# You CAN change your brain



## HereIsEverywhere (Dec 22, 2008)

So after a try and a few DP/DR specific books, the outlook seemed bleak. One in particular seemed to say that even with the best expert in the field of DP/DR and cognitive therapy, the lives of the people involved only saw small improvements and slightly less DP/DR. HUH? Why even write a dang book then?

So I pretty much gave up... for a time thinking there was no hope. I know... silly right? Pretty much stopped thinking about it and just let the symptoms be what they were and went on to focus on other things. I was a psych major so that doesn't help things. I get obsessions, read about them, obsess more, and not just DP/DR but all sorts of disorders I think I or my friends and family may have.

Anyway on to the books. The first is "Train your Mind, Change Your Brain". Its basically all about the plasticity of the brain. For a long time there was this very dangerous belief that the brain was a fixed thing. It was hard wired, didn't change, you just had what you had. That has been proven completely false. The brain is capable of immense changes all throughout life by training.

You aren't born with the ability to play an instrument. You aren't born a soccer pro. You aren't born with an education. You have to train yourself. You have to practice. This idea of practice has hit almost every aspect of human life except mental health! (well, until recently that is) Of course, I mean in more western life. The Buddhists have known for hundreds of years that the mind does need mental training. The book is actually set in the context of yearly meetings with the Dali Lama and other Buddhists to share ideas and knowledge. It's a really great way of seeing both sides of this topic and making a complete picture.

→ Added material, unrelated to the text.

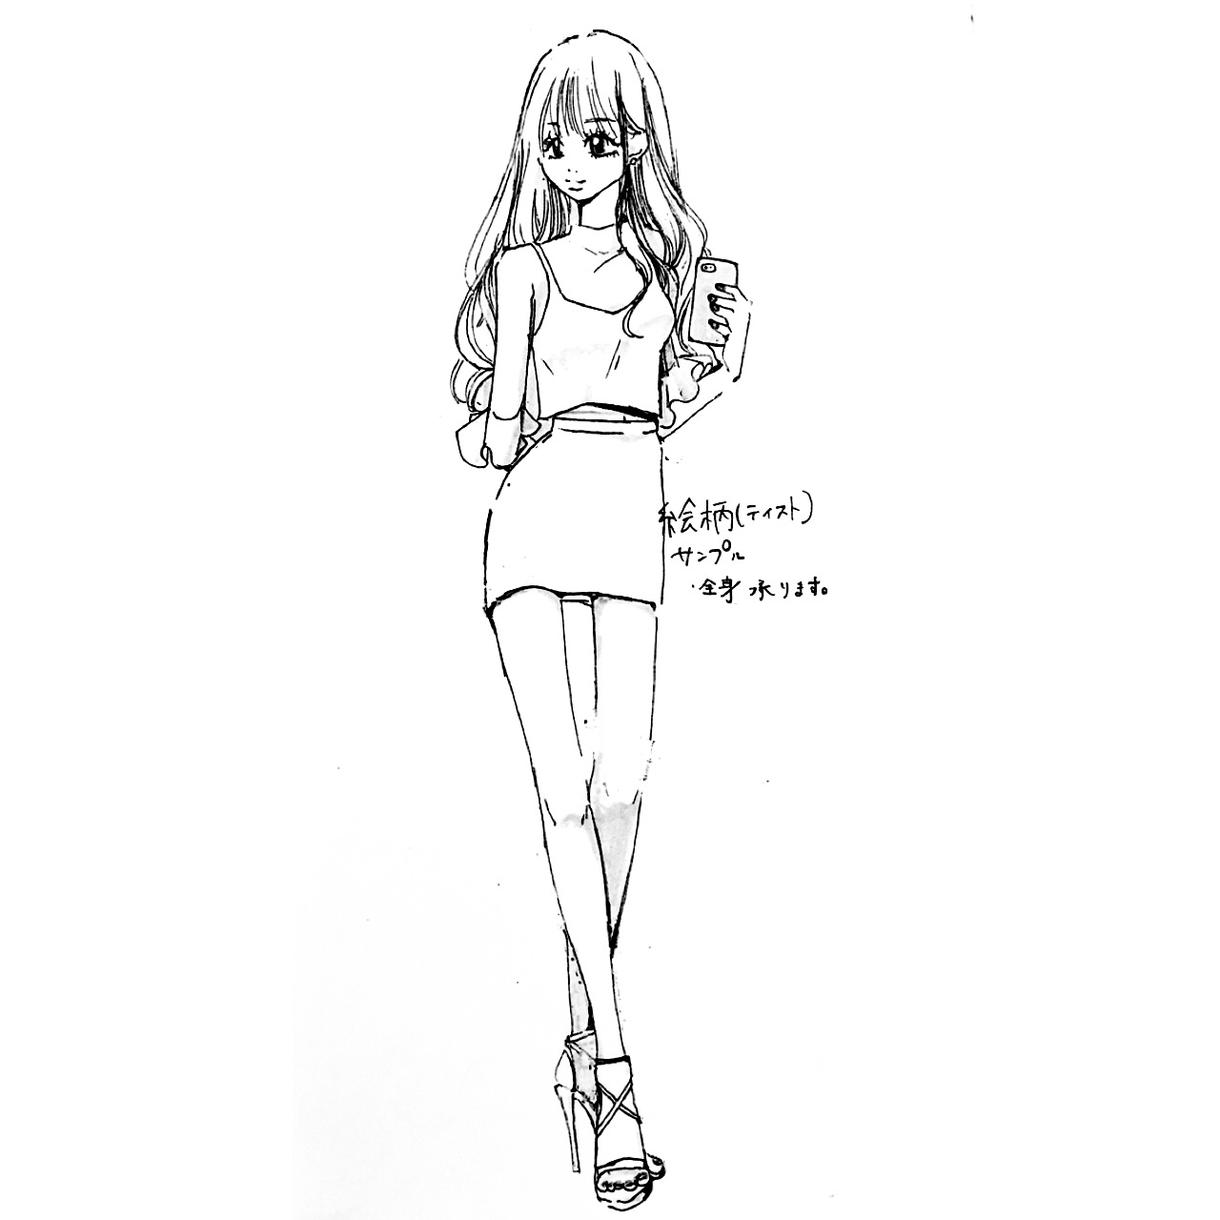 少女漫画風白黒アナログ似顔絵描きます 御要望をお聞かせ下さい。アップも全身も承ります。

That book however is very technical and I could see it being quite boring for someone that isn't into psych. This book however:

The Joy of Living: Unlocking the Secret and Science of Happiness by Eric Swanson and Yongey Rinpoche Mingyur

I highly recommend. It's the same theme, the combination of science and Buddhism but it comes from the Buddhist perspective. It's written in a much easier to understand language, and gives practical every day examples of how to actually put it to use (where as the other book just demonstrates the possibility, this book starts to lead you to the "how").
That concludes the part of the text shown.